McConnell still remembers: "We saw it happen. It was a violent insurrection for the purpose of trying to prevent the peaceful transfer of power after legitimately certified elections, from one administration to the next. That’s what it was."


As for the RNC, today he told reporters after the Republican senators' closed-door weekly lunch that "Traditionally, the view of the national party committees is that we support all members of our party, regardless of their positions of some issues. The issue is whether or not the RNC should be sort of singling out members of our party who have different views of the majority. That’s not the job of the RNC."

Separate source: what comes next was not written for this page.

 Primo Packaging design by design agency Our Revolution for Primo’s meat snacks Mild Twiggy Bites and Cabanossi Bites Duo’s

One of McConnell's most Trumpified junior senators, insurrectionist Josh Hawley, couldn't agree with McConnell less. He undercut him today by telling reporters that "Whatever you think about the RNC vote, it reflects the view of most Republican voters. In my state, it’s not helpful to have a bunch of D.C. Republicans commenting on the RNC."

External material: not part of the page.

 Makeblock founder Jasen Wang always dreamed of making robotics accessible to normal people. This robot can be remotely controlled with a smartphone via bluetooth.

QAnon psychopath Marjorie Traitor Greene (GA) is no fan of McConnell's either. Referencing the congressional far right's thoughts on Liz Cheney (R-WY) and Adam Kinzinger (R-IL), she blurted out that "People want them kicked out [but] it’d be really ridiculous to kick them out of the conference, but not work hard to make sure Liz Cheney is defeated."

1 comentário


dcrapguy
dcrapguy
09 de fev. de 2022

the party might be a bit schizo over the putsch, but voters are not. what the result of losing cheney (the second most evil nazi after trump, until now) and kinzinger (somewhere in the middle on the evil scale) next term will be is the party will have two far more evil members in their hou$e majority in 2023.

The party will have to reconcile the measurable increase in pure evil against their probable increase in voters turned out.


They'll take the voters. take my word for it.